Art Books
Melissa Rachleff, Inventing Downtown: Artist-Run Galleries in New York City, 1952 – 1965
(Grey Art Gallery and DelMonico Books, 2017)

Packed with luxurious images, Inventing Downtown: Artist-Run Galleries in New York City, 1952–1965 traces the movement of mid-century artists who, rather than cater to the city’s traditional artistic and financial procedures for gallery exhibition broke the mold of established creative practice by establishing their own group gallery spaces. This new model of self-curation redefined contemporary art and moved the contemporary art gallery scene from Manhattan’s Midtown and Upper East Side to downtown, a transformation that led to the re-establishment of the city’s cultural geography, a legacy that remains to this day. The book accompanies an exhibition of the same title at NYU’s Grey Gallery, and serves as both an amazing stand-alone piece and invaluable accompaniment to the exhibit. But its most valuable contribution is in its implicit proposition to art historians that more attention must be paid to this pivotal moment in modern New York art history.
Inventing Downtown raises many questions and answers few; it seems to leave the deeper critical analysis to art critics and art historians, of which Melissa Rachleff—the author of the book and curator of the exhibit—is neither.

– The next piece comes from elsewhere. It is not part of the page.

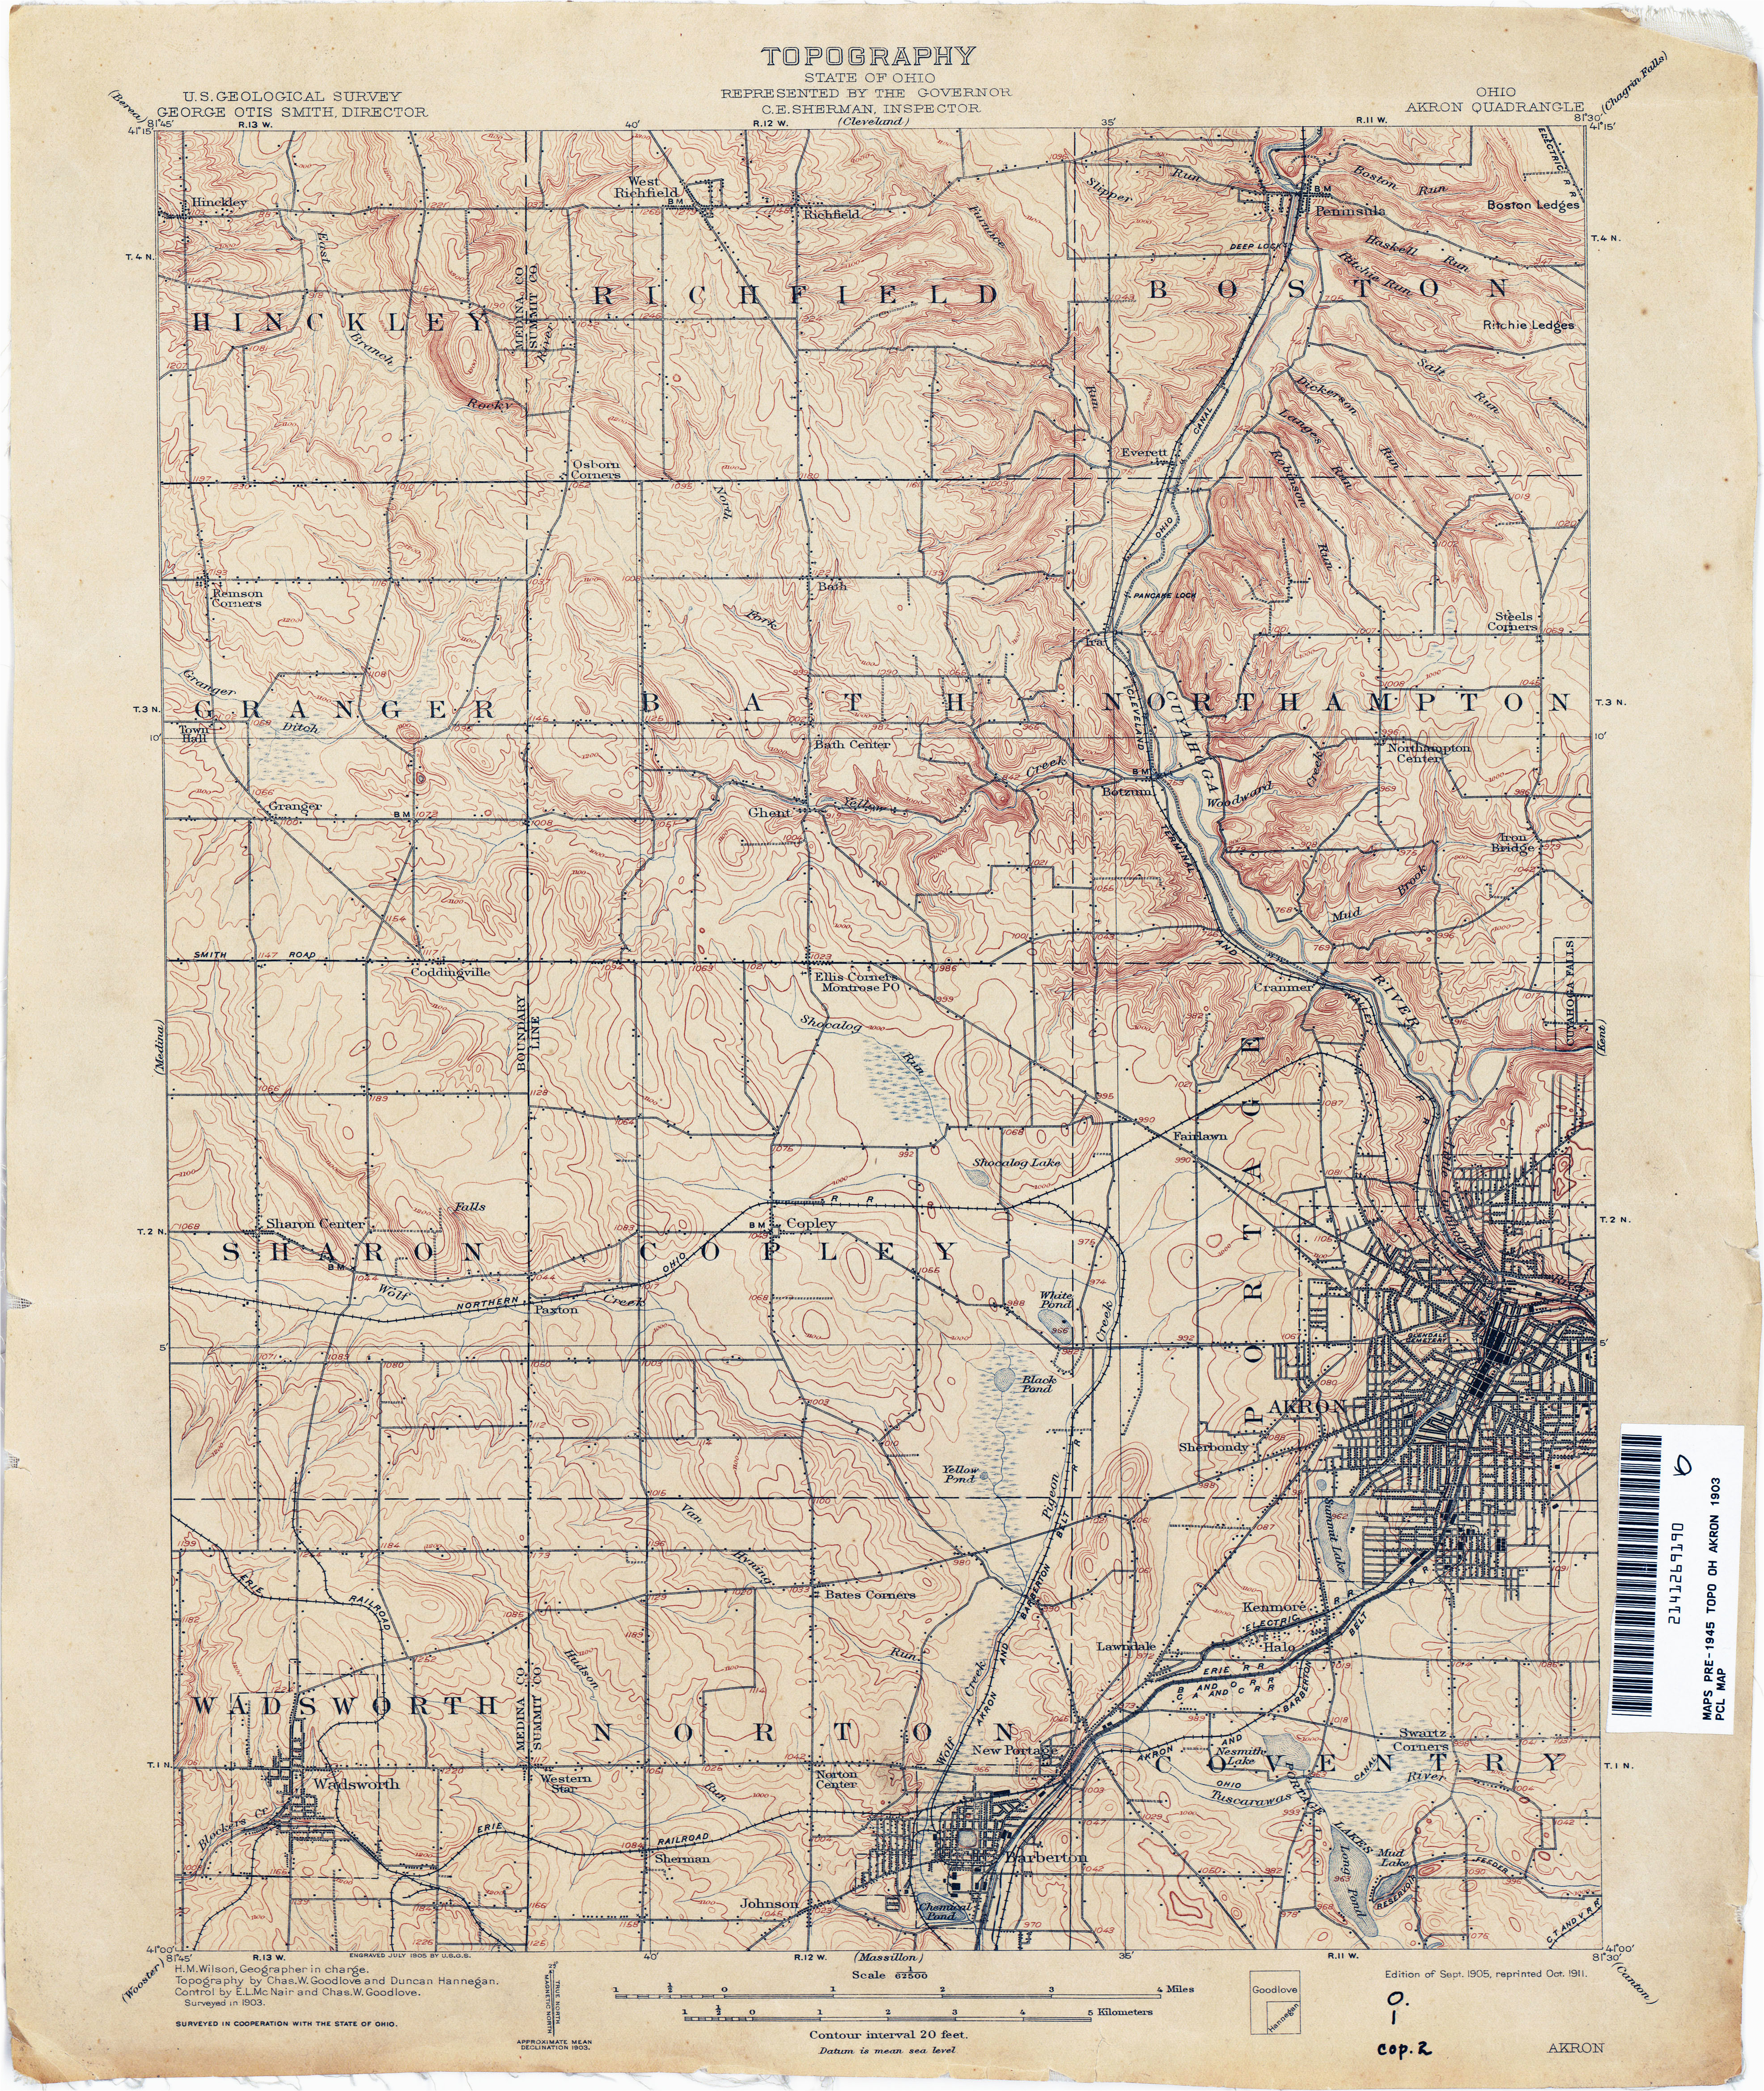 Lisbon Ohio Map Ohio Historical topographic Maps Perry Castaa Eda Map Collection

A clinical associate professor of Art Management in the Visual Arts Administration Masters program at New York University, Rachleff instead takes her mission to be one of rediscovery and provocation, demanding overdue examination for a largely overlooked movement in modern art. “Although standard art-historical narrative can be a useful tool,” Rachleff says in the book’s preface, “it can also distort the facts.” She endeavors instead to stick just with the facts, sharing with her readers a plethora of illuminating information but never vouching for any definite determinations. In doing so, she seems to be begging scholars to investigate this era further, to use her research to get this fecund past into the scholarship of the future.

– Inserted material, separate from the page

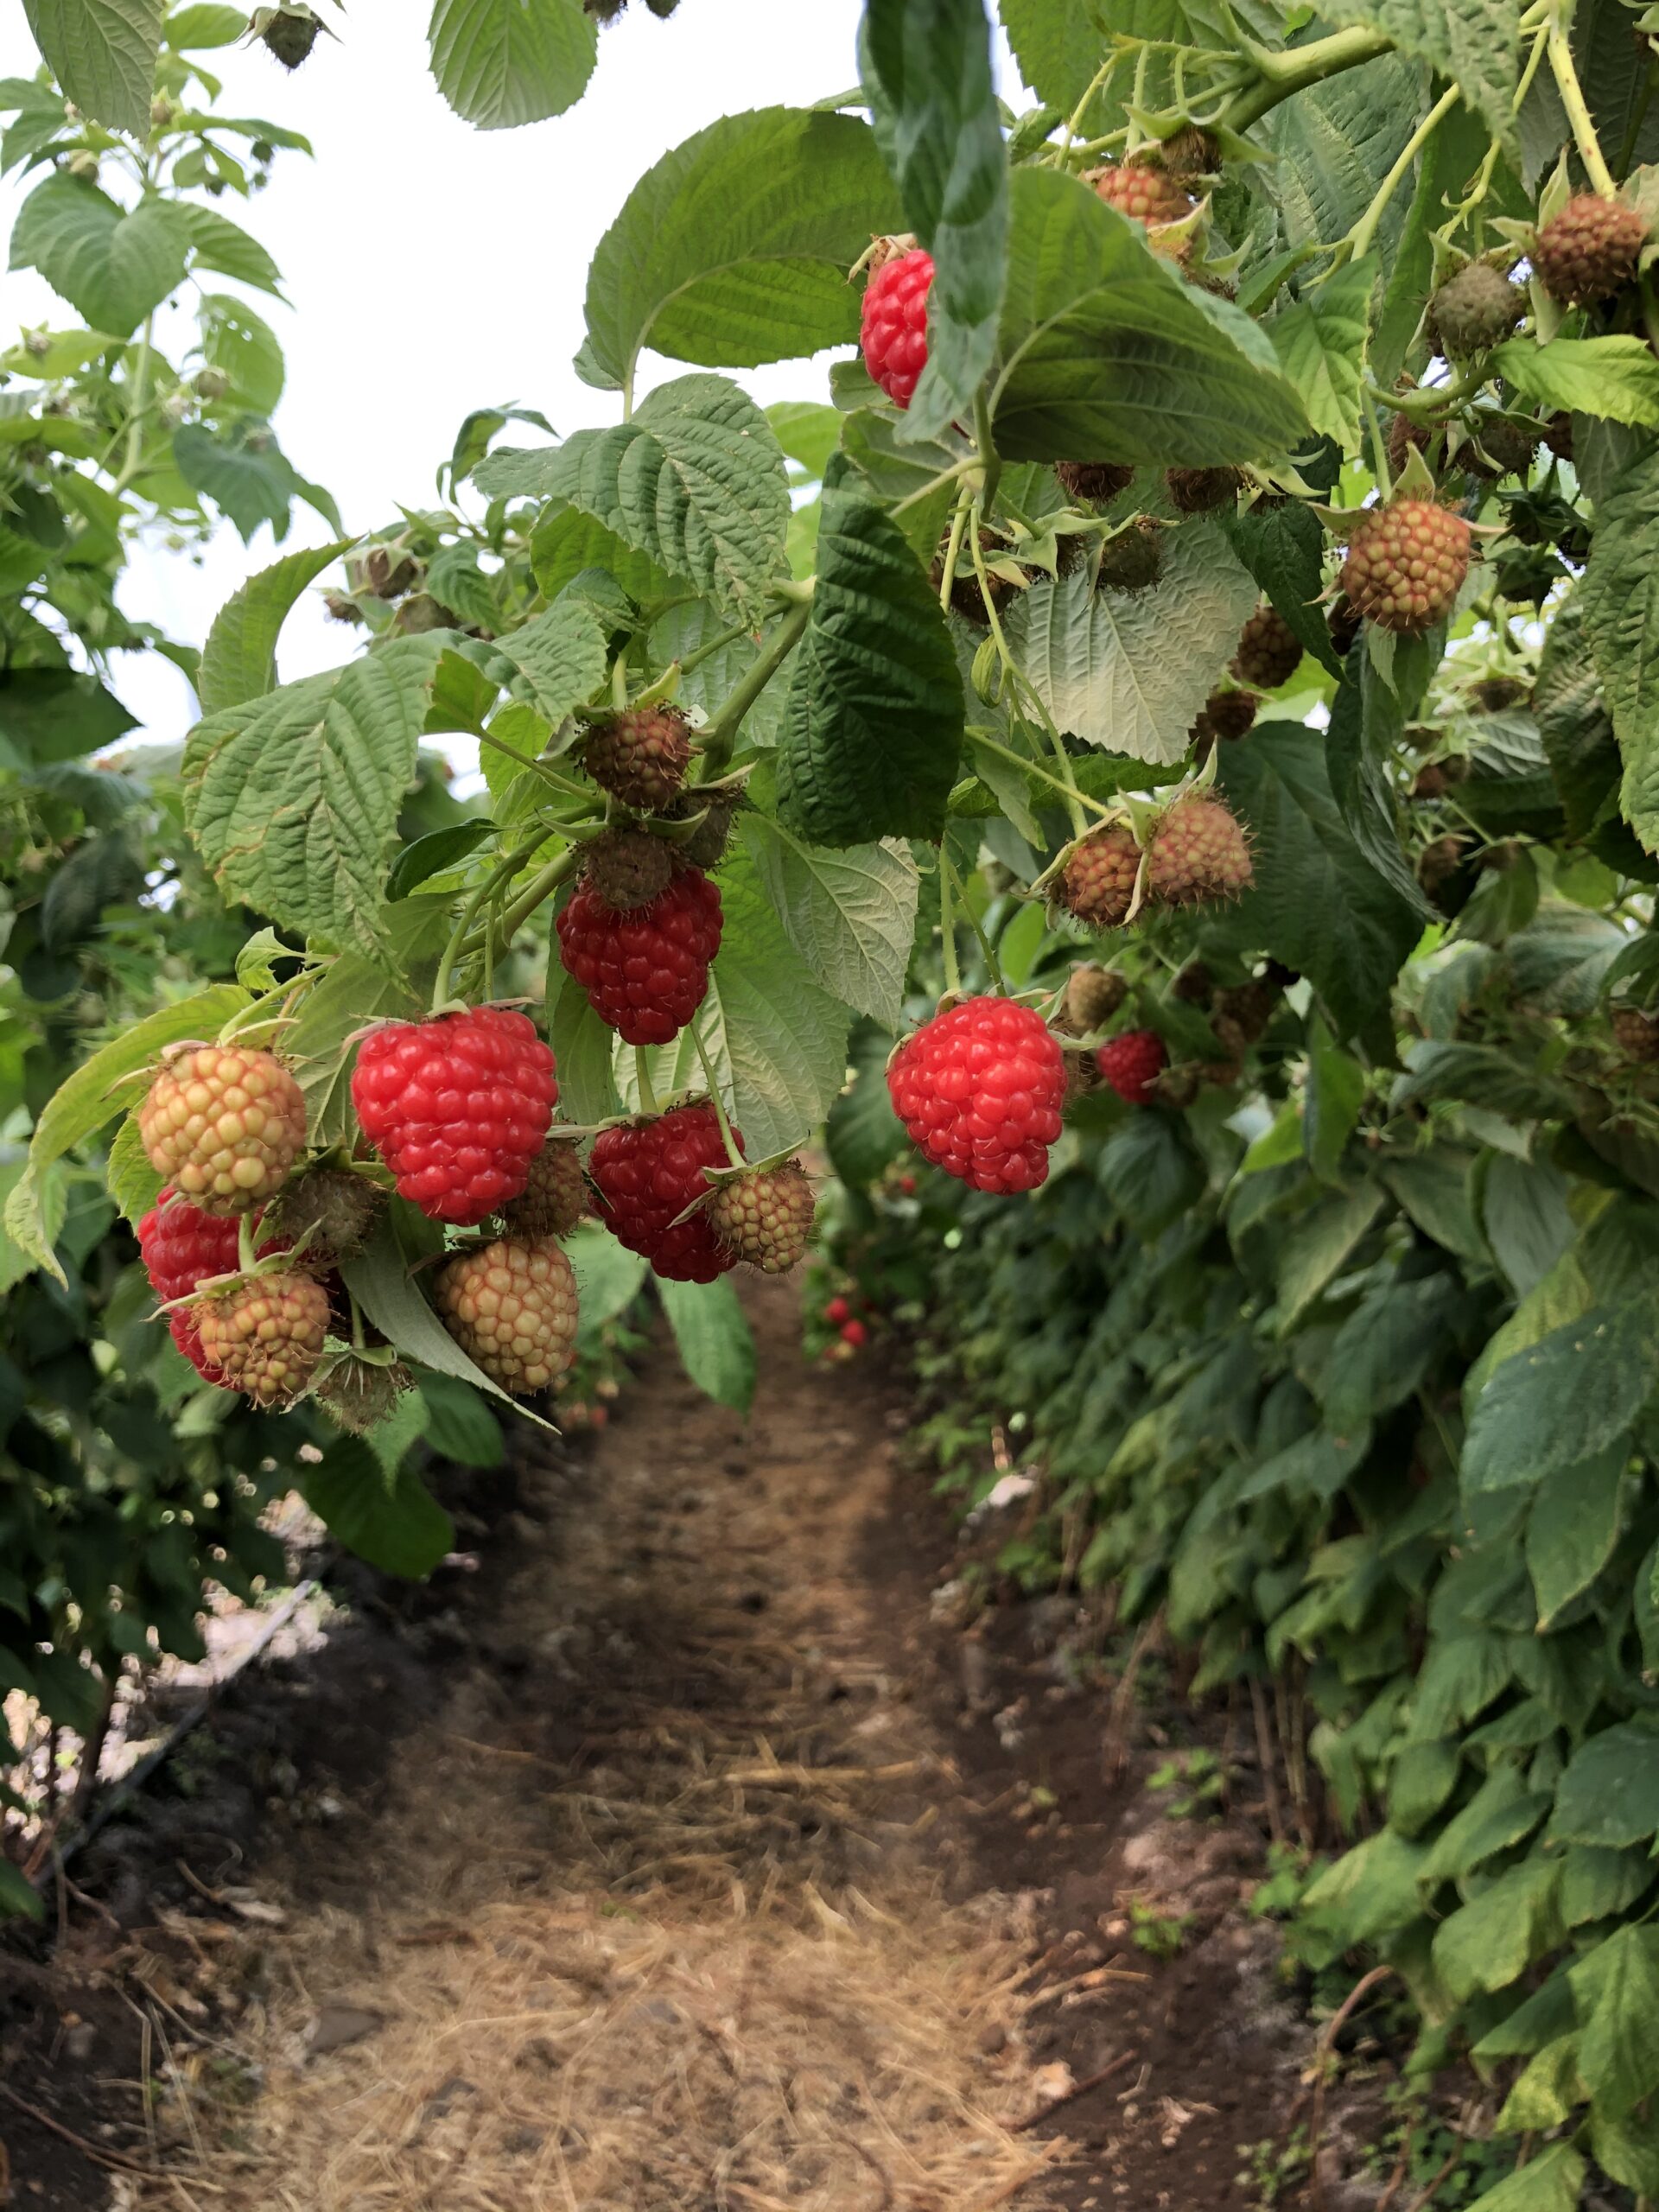 How to grow perfect raspberries

Her research implicitly issues forth a call and a template for artists who do not have representation to go and create these opportunities for themselves. While a great many of the artists documented here left a great impression on the artists who followed, both curatorially and artistically, in their stead, the question remains: Why are they not in most modern art history books, which are otherwise so devoted to the mid-century artistic movements of New York? The book implies that, despite their curatorial and artistic brilliance, these artists and their galleries lacked the business know-how to remain financially viable. While Rachleff herself never says as much, it is hard to avoid the insinuation that an artist’s success most often depends upon entrepreneurial, marketing, and business acumen. To my reading, this book is a reminder to artists, lest they forget: If you want representation, then build a business first and create after.
Much hidden treasure remains to be researched by contemporary scholars, but their attention is so often guided by the business of an art market that overlooks the entrepreneurially un-savvy. Rachleff presents her research as an opportunity to right wrongs, ultimately implying that the broad narrative of contemporary art history, as it has been broadly codified so far, might only scratch the surface of the period’s many great profundities. Inventing Downtown offers audiences the excitement of discovery, inviting its readers to participate in an interrogative approach to history.